ORBÁN’S AMERICAN DREAM: Hungarian Prime Minister Viktor Orbán appears to be launching another edition of his charm offensive with U.S. Republicans. He’s slated to visit former President Donald Trump in Florida next week and connect with Kevin Roberts, the president of the hyper-conservative Heritage Foundation think tank, according to an X post from Balázs Orbán, the prime minister’s (unrelated) political adviser — who also posted a “behind the scenes” photo with Tucker Carlson on Sunday, in what appears to be Carlson’s log-cabin style studio, urging us to “stay tuned.” 

ISRAEL’S PLAN TO HUNT DOWN HAMAS KILLERS: Israel has a plan to hunt down the killers responsible for the October 7 attacks, just like it did after the 1972 killings of Israeli Olympic athletes in Munich. “We will reach them, and they know it,” Yaakov Peri, a former head of Shin Bet, the Israeli security agency, told POLITICO. Read more by Jamie Dettmer.

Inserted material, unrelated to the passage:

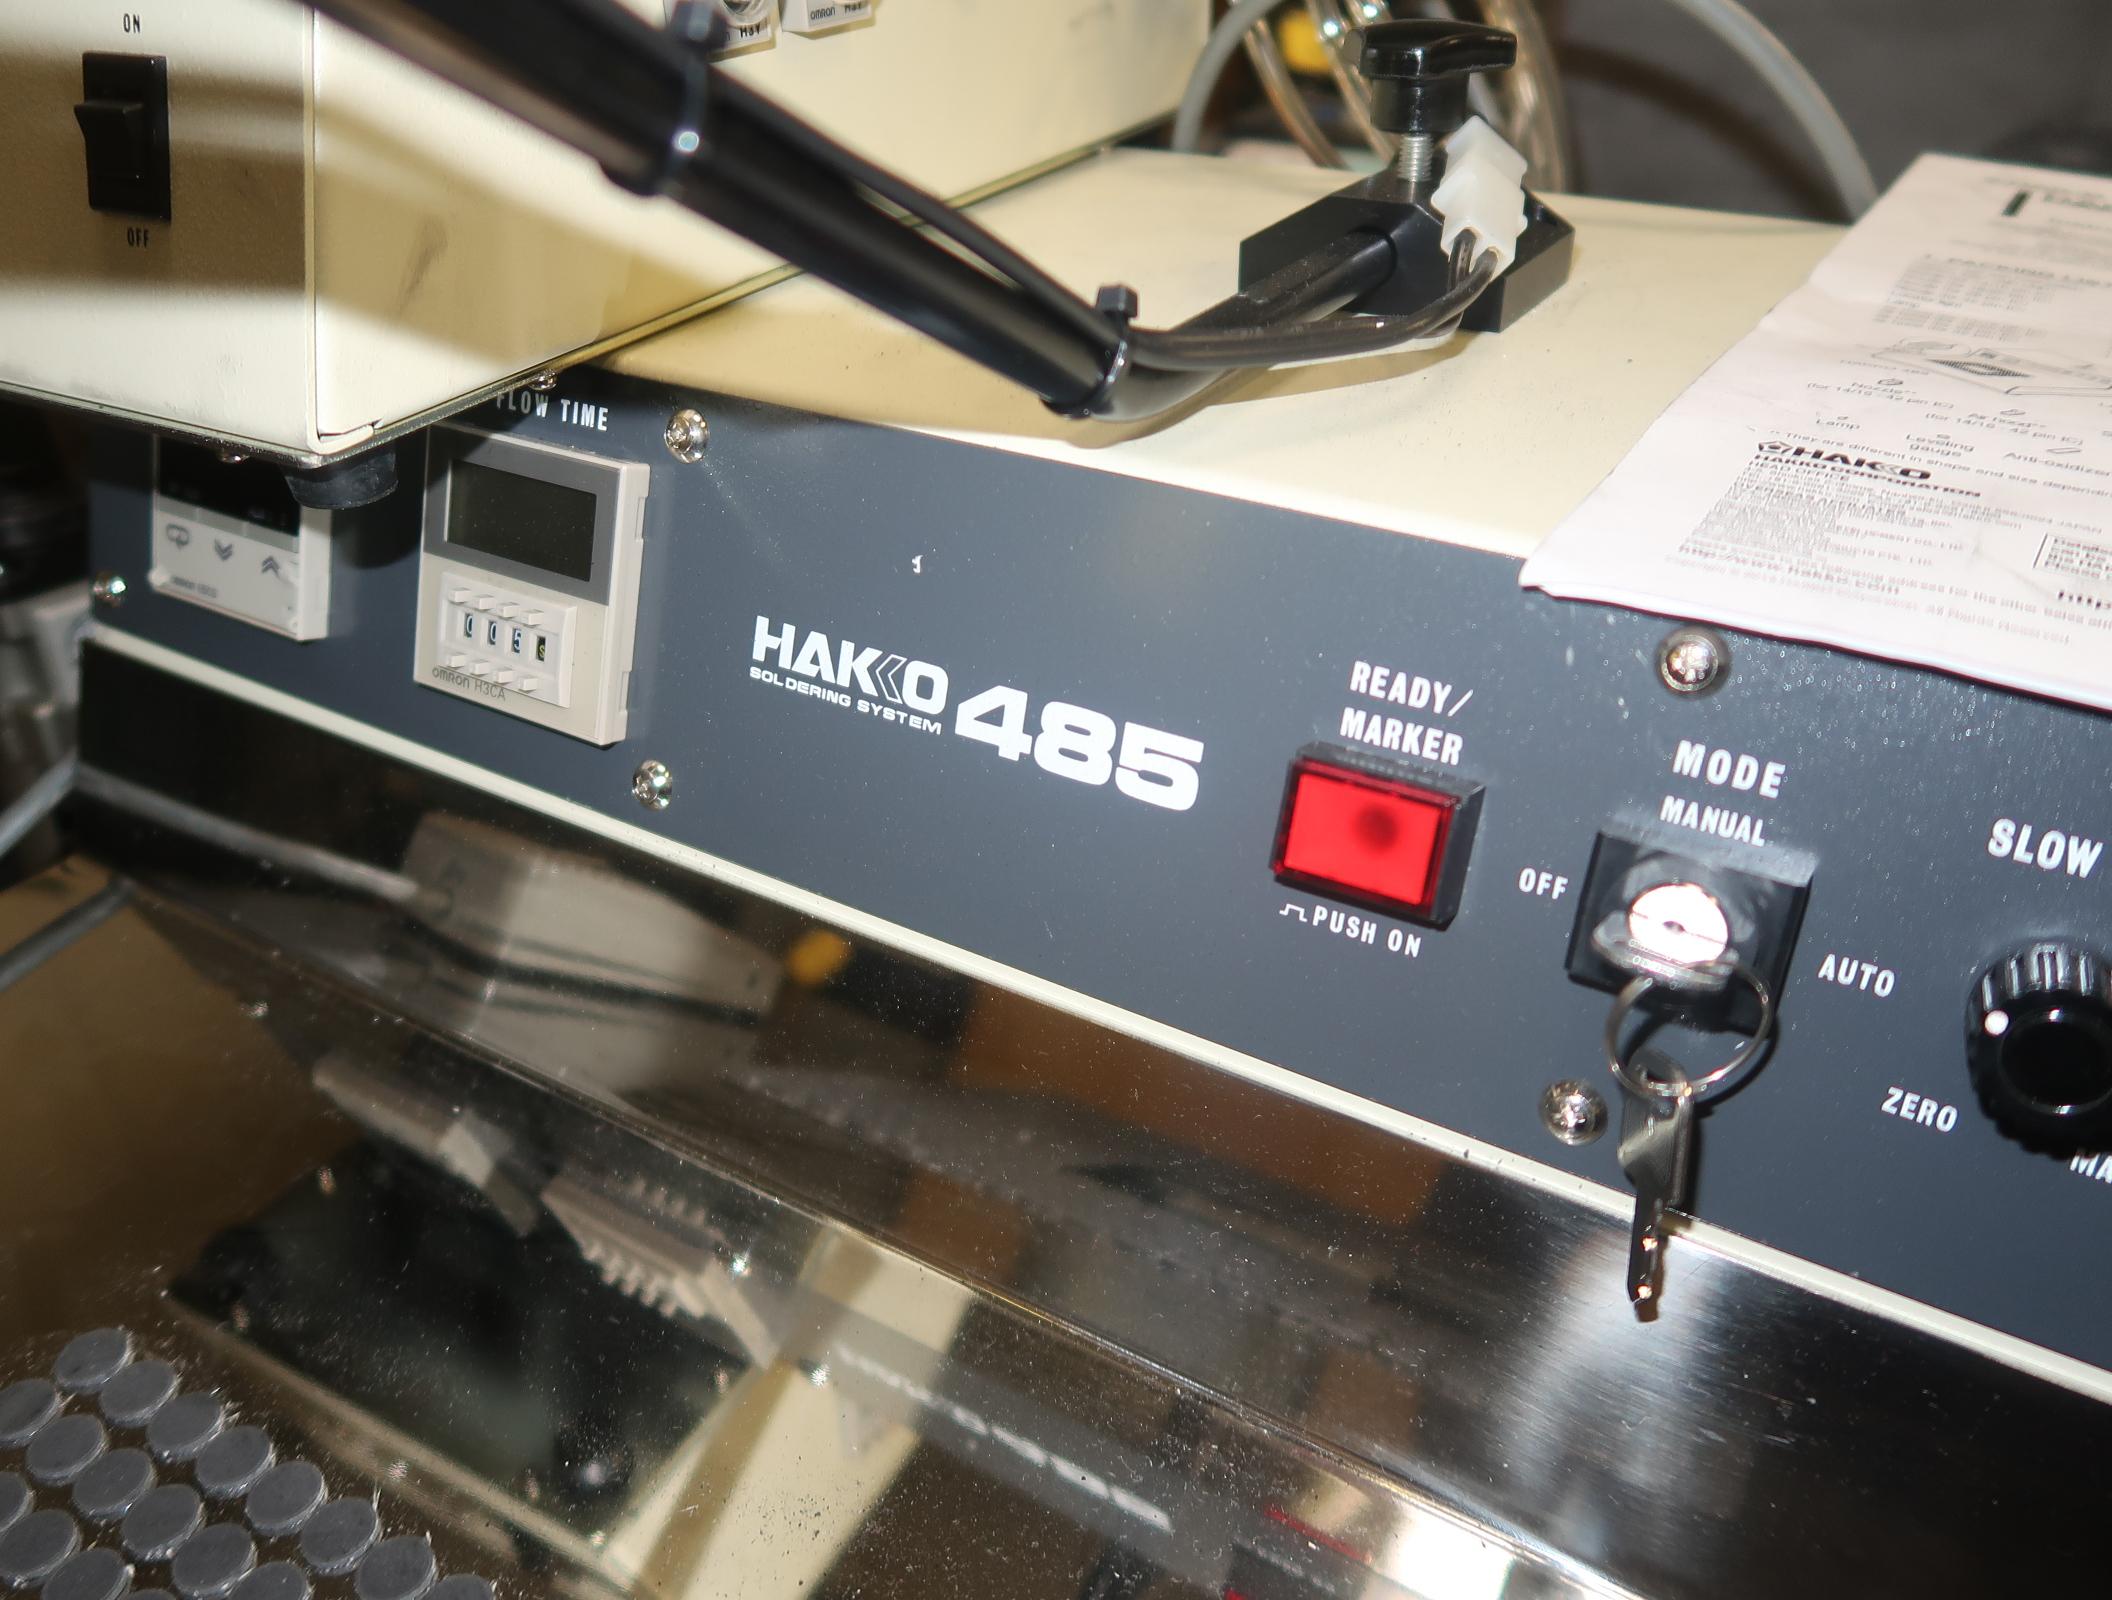 Lot 16 - HAKKO 485 SOLD MACHINE, MDL. 485-V12 SN. 01485019000002

Cease-fire talks falter: U.S. Vice President Kamala Harris called for an “immediate cease-fire” in the war in Gaza. However, Israel is reportedly boycotting cease-fire talks in Cairo after Hamas rejected the country’s demand for a list of hostages who are still alive, an Israeli newspaper reported. More from Edith here.

FRANCE TO ENSHRINE ABORTION RIGHT: France is set to become the first country to enshrine the freedom to have an abortion in its constitution during an extraordinary voting session being held today in Versailles. Victor Goury-Laffont has the full details.